In the Gospel of John, the phrase “the disciple whom Jesus loved,” or “the Beloved Disciple” is used five times, but is not used in any other New Testament accounts of Jesus. John is called the Apostle of Charity. The “beloved disciple” died in Ephesus after AD 98, where a stately church was erected over his tomb. It was afterwards converted into a Mohammedan mosque.

John is the patron saint of love, loyalty, friendships, and authors. He is often depicted in art as the author of the Gospel with an eagle, symbolizing “the height he rose to in his gospel.” In other icons, he is shown looking up into heaven and dictating his Gospel to his disciple.

Gospel of John

John is the only Gospel which does not have a separate year devoted to it as does Matthew, Mark and Luke. Instead it is interspersed in each of the three years of the other Gospel. The Gospel includes information not found in the other Gospels. While John filled in the gap of Jesus’ first year of ministry left by the three synoptic gospels, he wrote nothing about the second year of Jesus’ ministry, which the three synoptics covered in detail. John jumped from the first year of Jesus’ ministry to the third and final year, starting with the Passover and Jesus’ feeding of the five thousand.

Alexander Shaia, author of the Hidden Power of the Gospels has written the following about the Gospel.

“The Gospel of John stands apart from the other gospels in many ways. Rather than employing a story line of Jesus’s life to accomplish his objectives, John used long, philosophical narratives, with a primary metaphor of garden—specifically, the Garden of Eden. It is likely that these discourses were used as prayer—part of believers’ preparations for the early Christian baptism ritual in the city of Ephesus. By the time this gospel was written at the end of the first century, followers of Jesus called themselves Christians, and they came from many backgrounds, not just Judaism. The new faith spread rapidly-in this thriving port city and spirits were high—but the euphoria of those high spirits threatened to slip into self-righteousness and division. John sought to establish a common and deeper grounding for the followers of the young Christian faith and warned them of the dangers presented by their immaturity.”

John’s chief purpose of his gospel is stated at the beginning of his concluding epilogue in John 20:30,31. He stated the purpose of his gospel was to show that Jesus is Christ the Son of God. It was not a missionary appeal unlike the others. Rather it sought to strengthen and deepen the faith of those who were already Christian believers. John was aware that among the Jews there were those who remained disciples of John the Baptist and did not accept his testimony to Jesus being the Christ.

He also had to counter the gnostics who believed that Jesus was only a man.

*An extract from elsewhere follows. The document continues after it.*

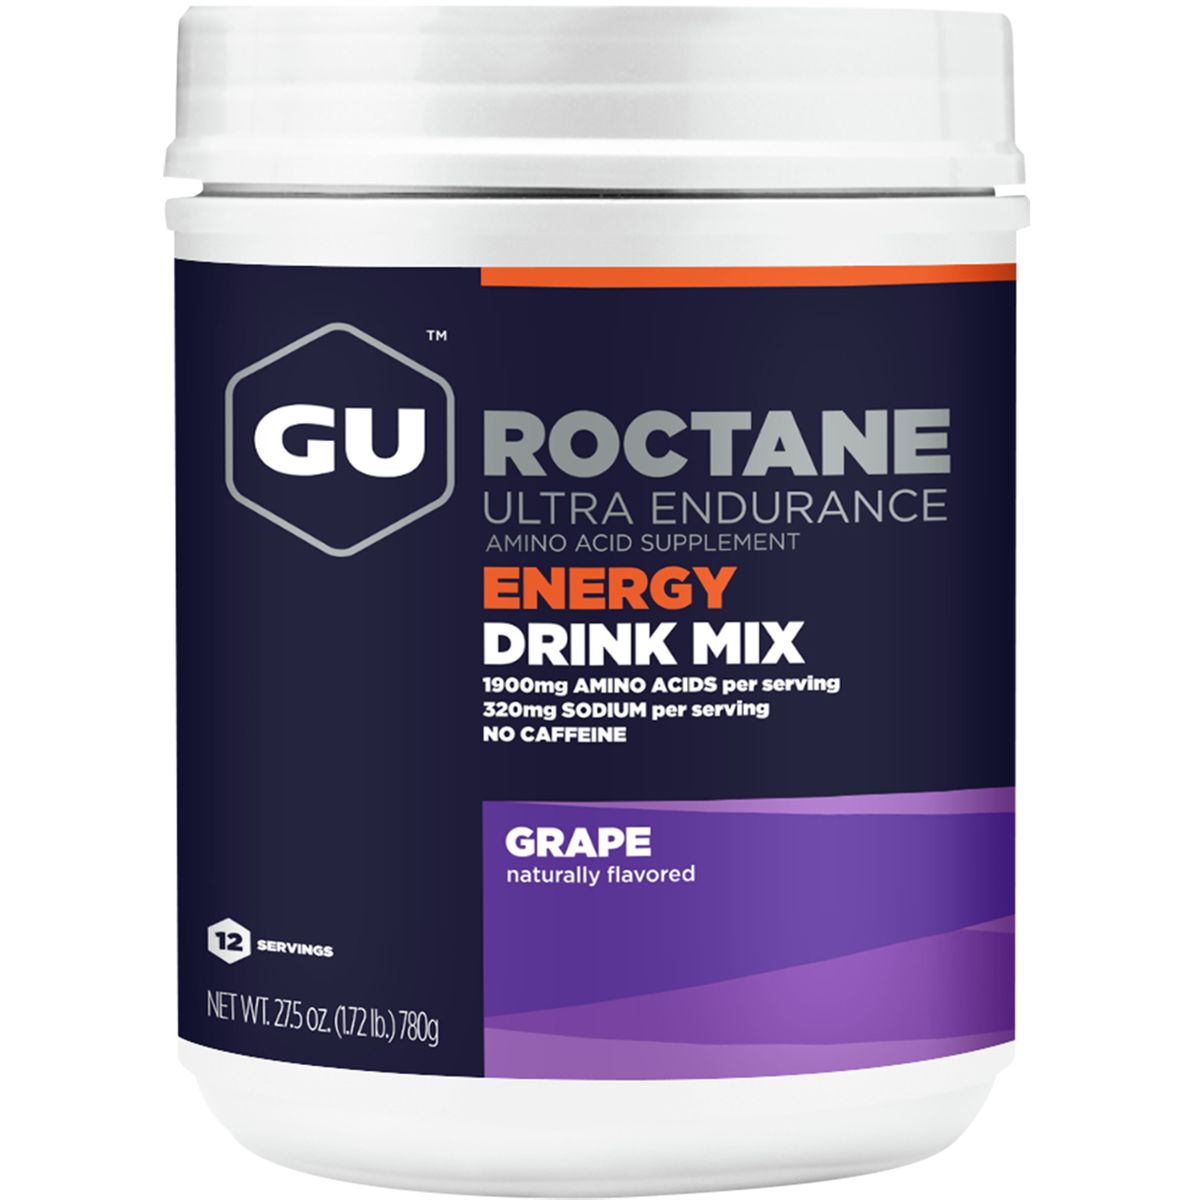 GU Roctane Energy Drink 24 Serving Canister

They believed that the heavenly Christ entered the man Jesus at his baptism and occupied him for the three years of his public ministry to impart true knowledge Up front in the beginning of the Gospel he sets up his key beliefs -the divinity of Jesus, faith in him, and having life in him.

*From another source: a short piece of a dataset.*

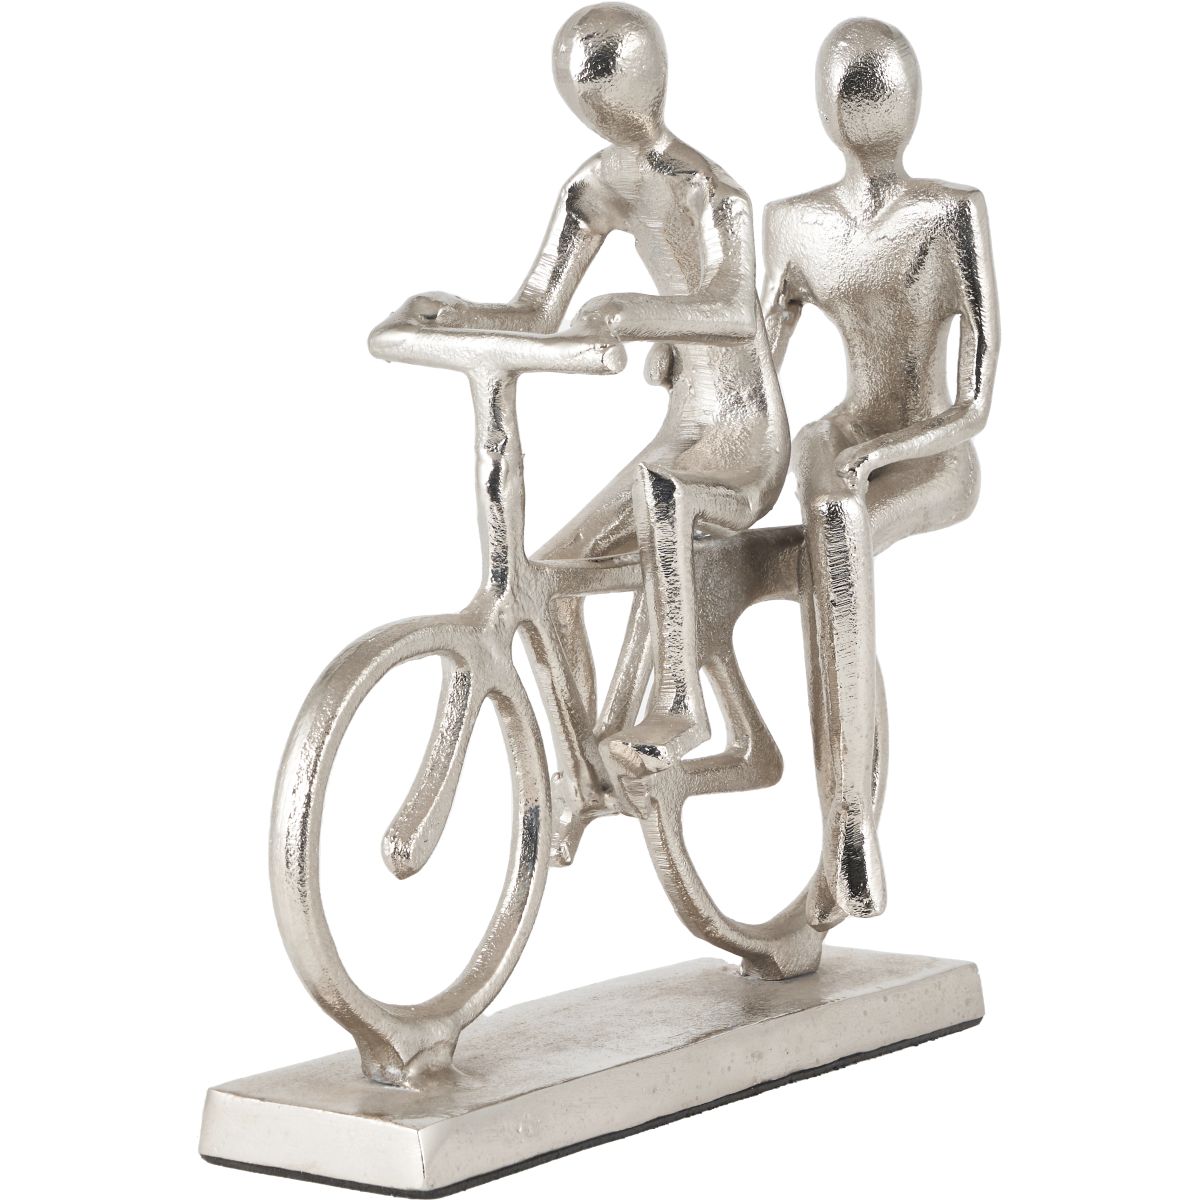 Shiny Silver Double Cyclist Ornament

The first 18 verses are known as the Prologue. We typically include the prologue as the last reading in the first Sunday after Christmas’ Lessons and Carols.

Where Matthew and Luke have nativity stories, and Mark has no nativity story, John’s Gospel shows that Christ has always been. This implication of Jesus’ preexistence contrasts sharply with the synoptic gospels, in which Jesus is born of a virgin or his birth is not mentioned at all

J” 1 In the beginning was the Word, and the Word was with God, and the Word was God. 2 He was with God in the beginning. 3 Through him all things were made; without him nothing was made that has been made. 4 In him was life, and that life was the light of all mankind. 5 The light shines in the darkness, and the darkness has not overcome it.”